DATA SECTION »
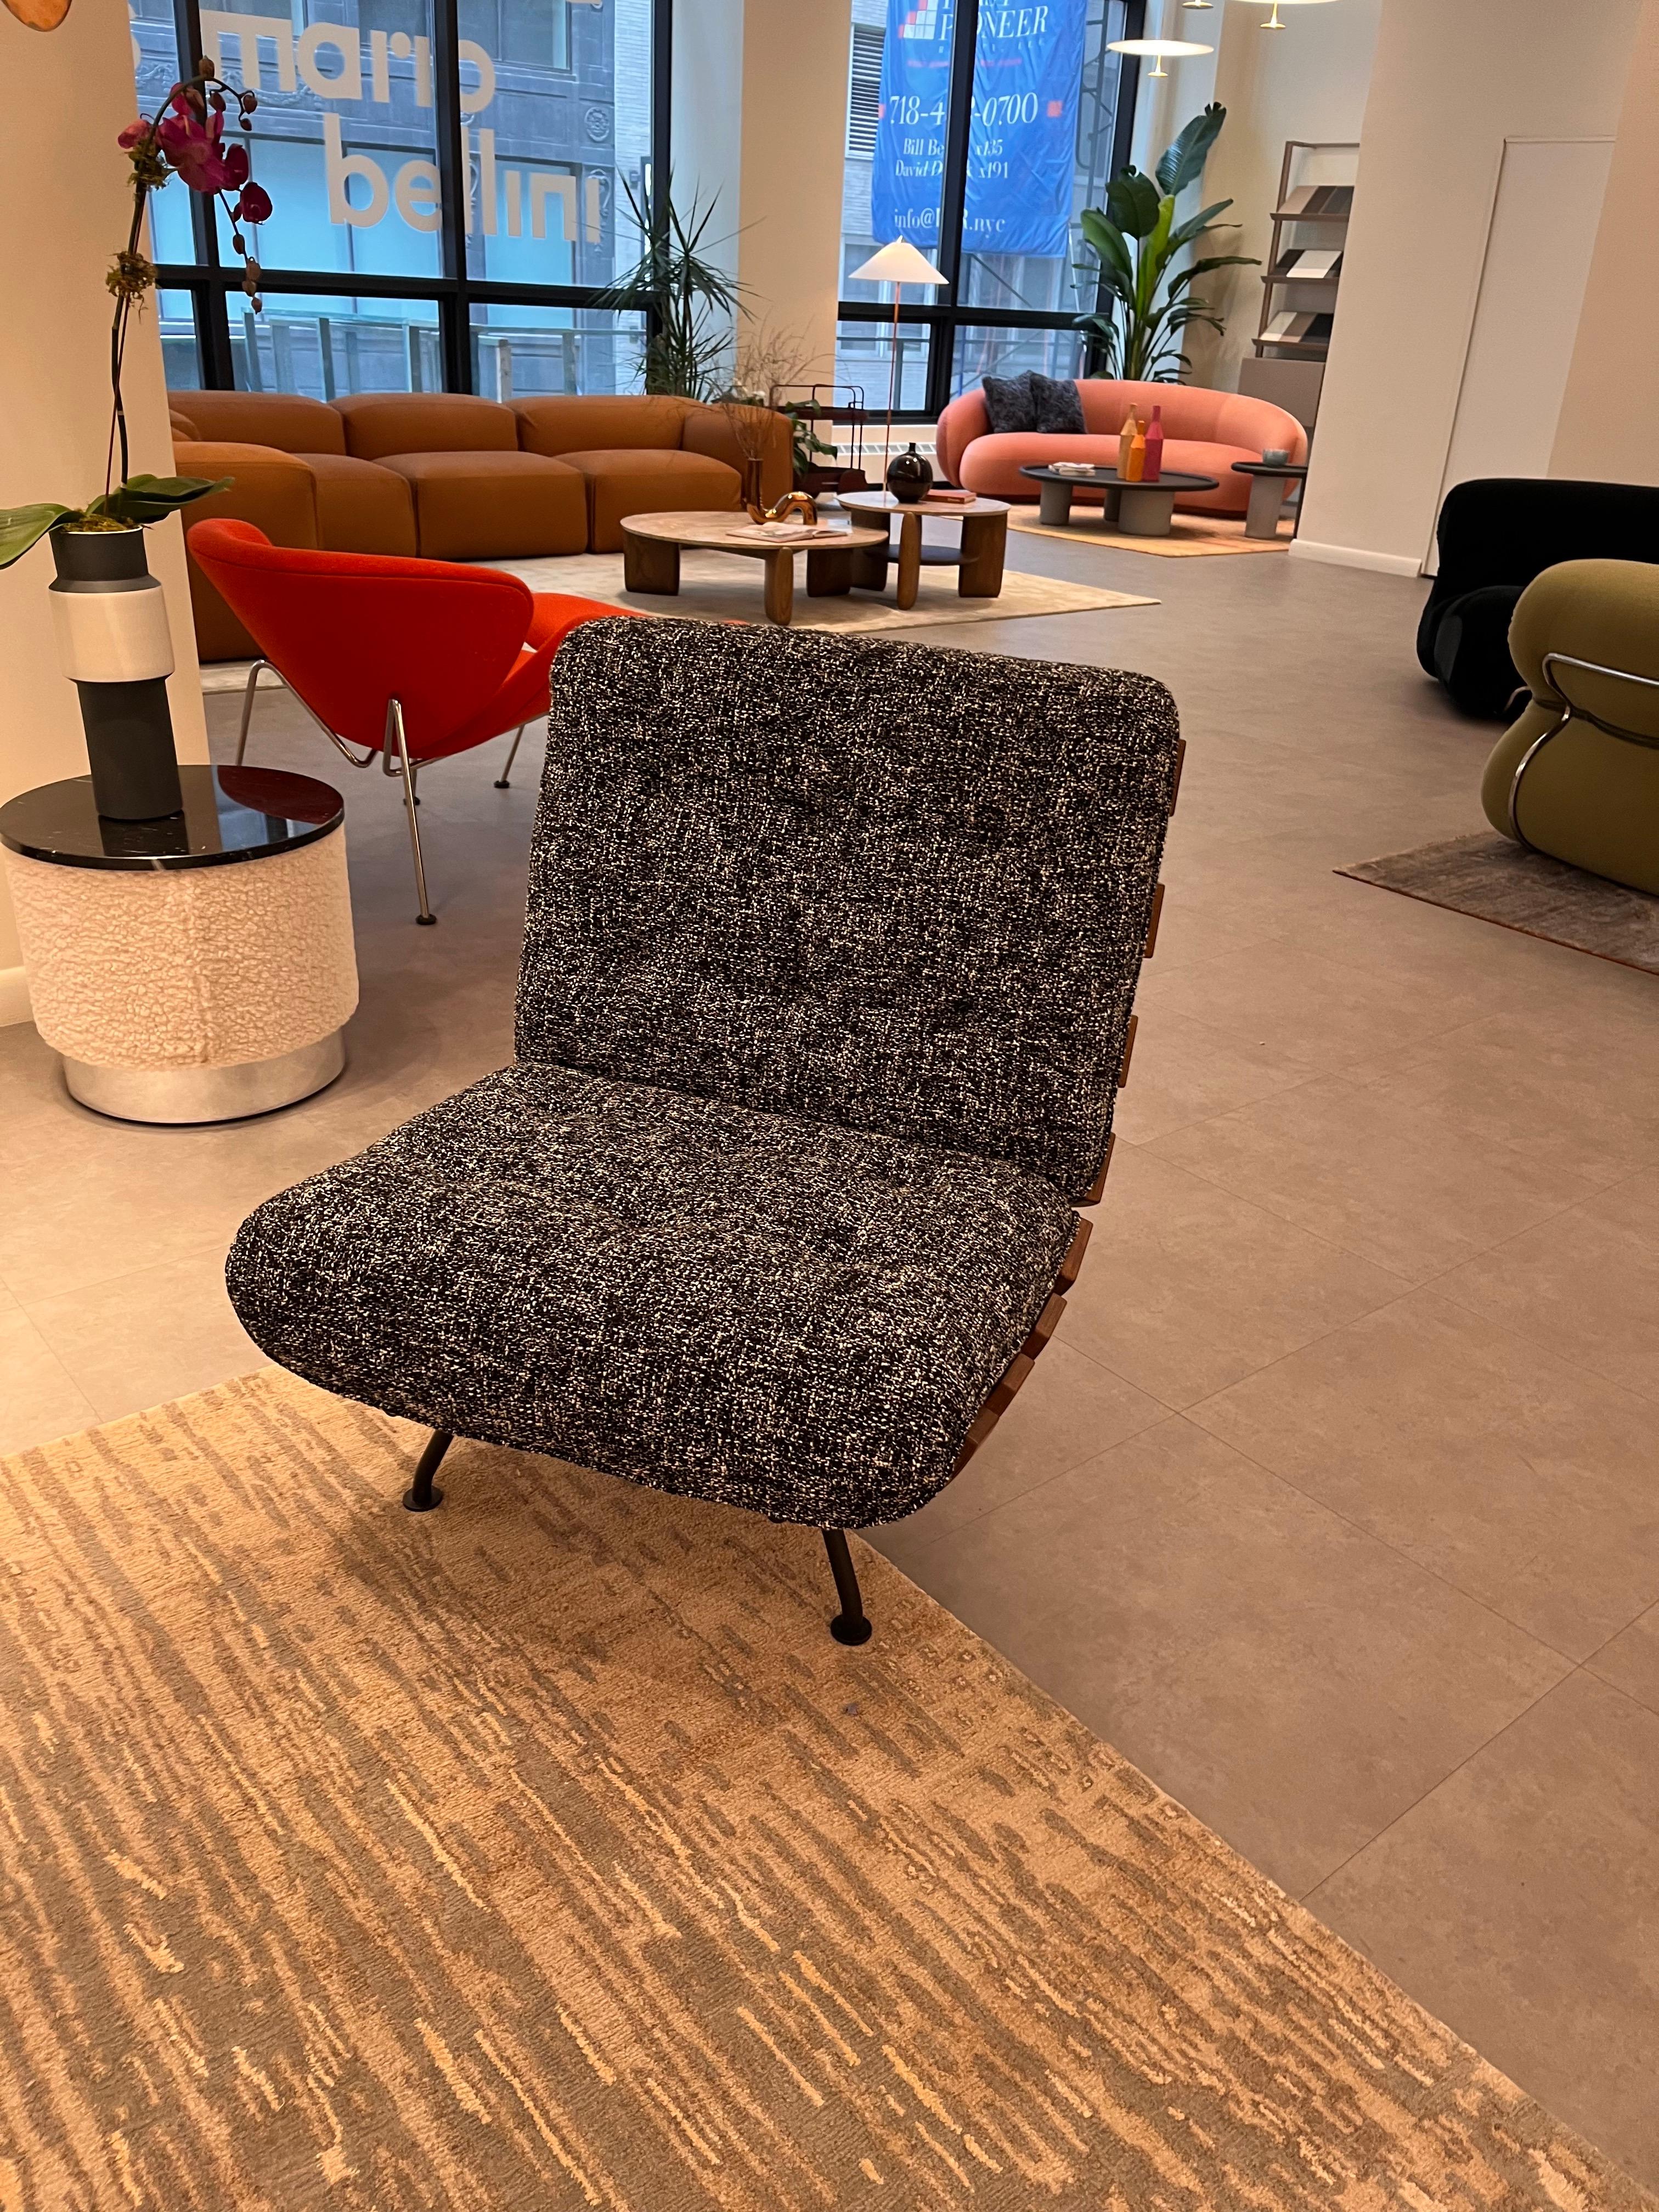 upholstered in Eremurus 05 - cat E
Frame: walnut
Tacchini is delighted to reissue Costela by Martin Eisler, icon of Brazilian 1950s design. An elegant yet informal armchair. With its sensual aesthetic, natural materials and intelligent design, it

WHAT IS BEING ASKED »
Nothing but the lines from the one with "Frame: walnut" through the end of the data above should be repeated, each exactly as it stands.

ANSWER SECTION »
Frame: walnut
Tacchini is delighted to reissue Costela by Martin Eisler, icon of Brazilian 1950s design. An elegant yet informal armchair. With its sensual aesthetic, natural materials and intelligent design, it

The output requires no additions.